Quando le donne andavano al mercato con i cesti della frutta

di Franco Filipetto
Non sono remoti i tempi in cui le donne con le ceste colme, in particolare di frutta o di verdura, andavano a vendere ai mercati del circondario, senza passare attraverso intermediari, in modo che il ricavato per le famiglie di agricoltori e frutticoltori fosse netto.
Il Vergante (nell’entroterra del Lago Maggiore) era il frutteto del Nord del Piemonte, il clima del lago e la collina che lo proteggeva verso Nord ne hanno fatto un luogo ideale per la coltivazione della frutta. Questo sino agli anni Settanta quando le attività agricole si sono trasformate in floro – vivaistiche. Gli uomini erano addetti alla lavorazione della terra e delle piante. Le donne, spesso tutti i giorni della settimana a seconda della maturazione si recavano ai mercati, da Sesto Calende, attraverso Arona e Stresa, sino a Pallanza, Intra e persino Cannobio. Il mercato di Cannobio era considerato molto redditizio, già subito dopo la Seconda Guerra Mondiale arrivavano gli svizzeri a fare acquisti, e pur di avere prodotti di stagione e di qualità non badavano a spese. Le donne scendevano dai borghi collinari con le ceste piene. In primavera portavano le fragole, ricercate erano quelle di Fosseno, le caricavano sulle biciclette, che poi agli imbarchi del battello chiudevano con catena e lucchetto.

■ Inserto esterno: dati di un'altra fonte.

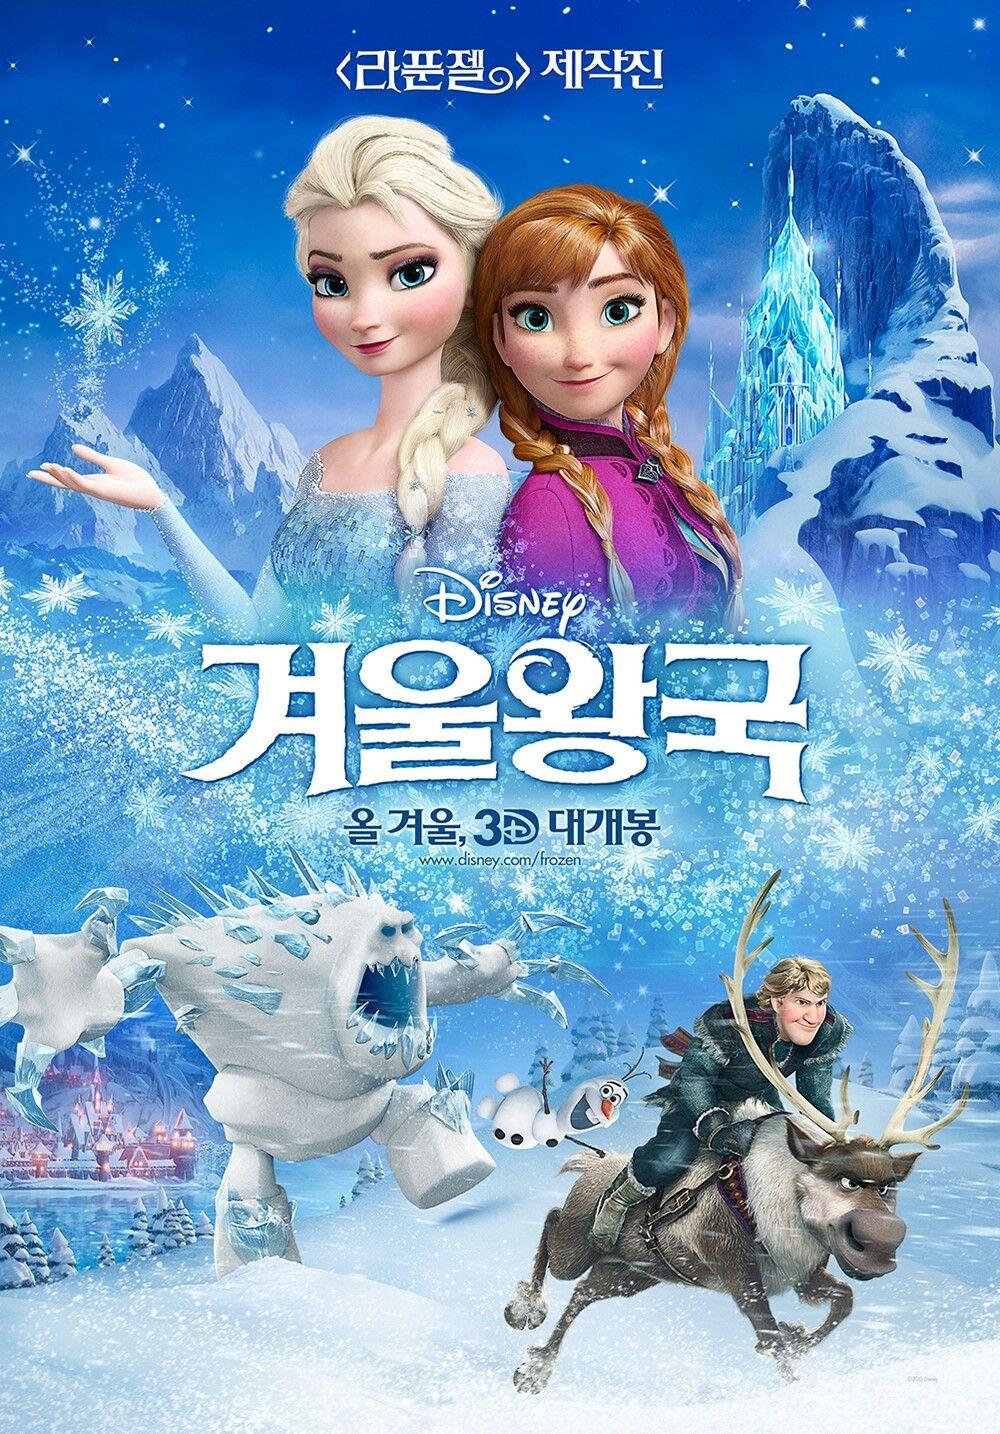 Pin De Rodrigo Santos Martins Em Frozen Friends Com Imagens
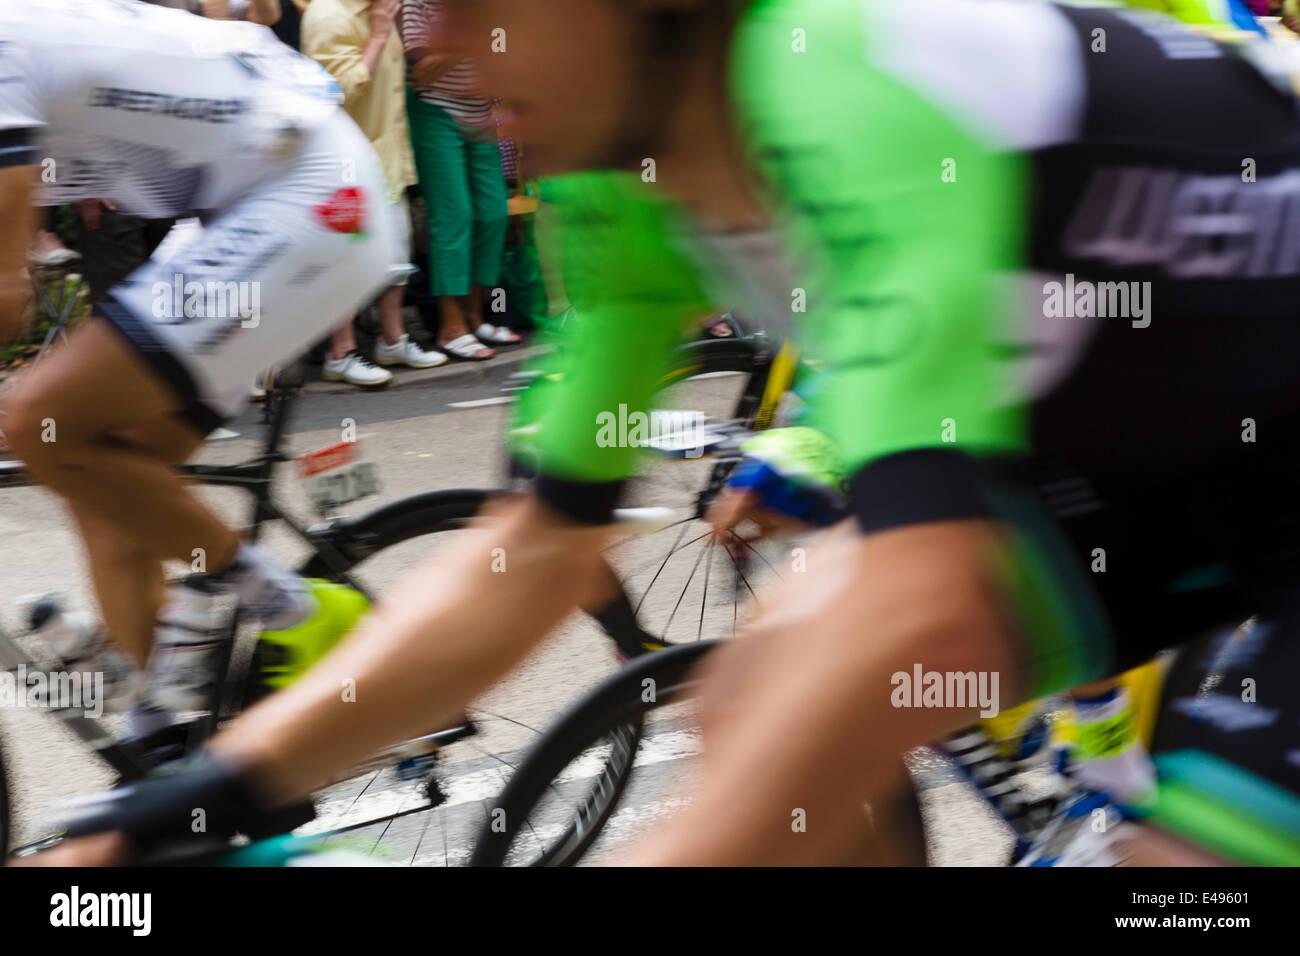 Le peleton clignote passé sur l'étape 2 du Tour de France 2014 près de Holmfirth, West Yorkshire, Photo Stock

La gelateria “Giannino” di Lesa pagava molto bene le fragoline piccole di Belgirate, sia bianche che rosse, il ribes, o l’uva spina. Utilizzavano questi piccoli frutti per guarnire le fantastiche coppe di gelato che i clienti sorbivano ai tavoli sotto i portici o sul lungolago, o le torte che il pasticcere preparava. Era infatti, subito dopo il ’45 il battello il mezzo più utilizzato per raggiungere i mercati dei paesi rivieraschi, le donne con le ceste prendevano quello delle 5,30, per arrivare per prime ai vari mercati. A sera tornavano con le ceste vuote, l’eventuale invenduto, semmai ci fosse stato, lo cedevano ai negozianti del posto. I soldi ben nascosti, sul percorso di ritorno non si sa mai chi potevano incontrare, servivano per il bilancio familiare. All’inizio dell’estate le ciliegie, mitiche quelle dei Borroni di Meina, le prugne, poi pesche, le pere, in autunno le mele, chi non ha assaggiato quelle del “Tugnin” di Madonna della Neve, a Meina, e i cachi, questi subito dopo la guerra andavano a 8-10 lire al chilo. Colazza, Invorio, San Salvatore di M ssino, Calogna di Lesa erano circondate da boschi che tra settembre e ottobre sfornavano funghi porcini in quantità superiori ai giorni nostri, forse la qualità dell’aria era migliore. In quei periodi toccava per lo più agli uomini cercarli e il giorno dopo alle donne scegliere il mercato più proficuo per andarli a vendere. Il fungo era un prodotto che alle 11 del mattino era già tutto venduto. Li ricercavano, e li pagavano bene, i villeggianti delle lussureggianti residenze.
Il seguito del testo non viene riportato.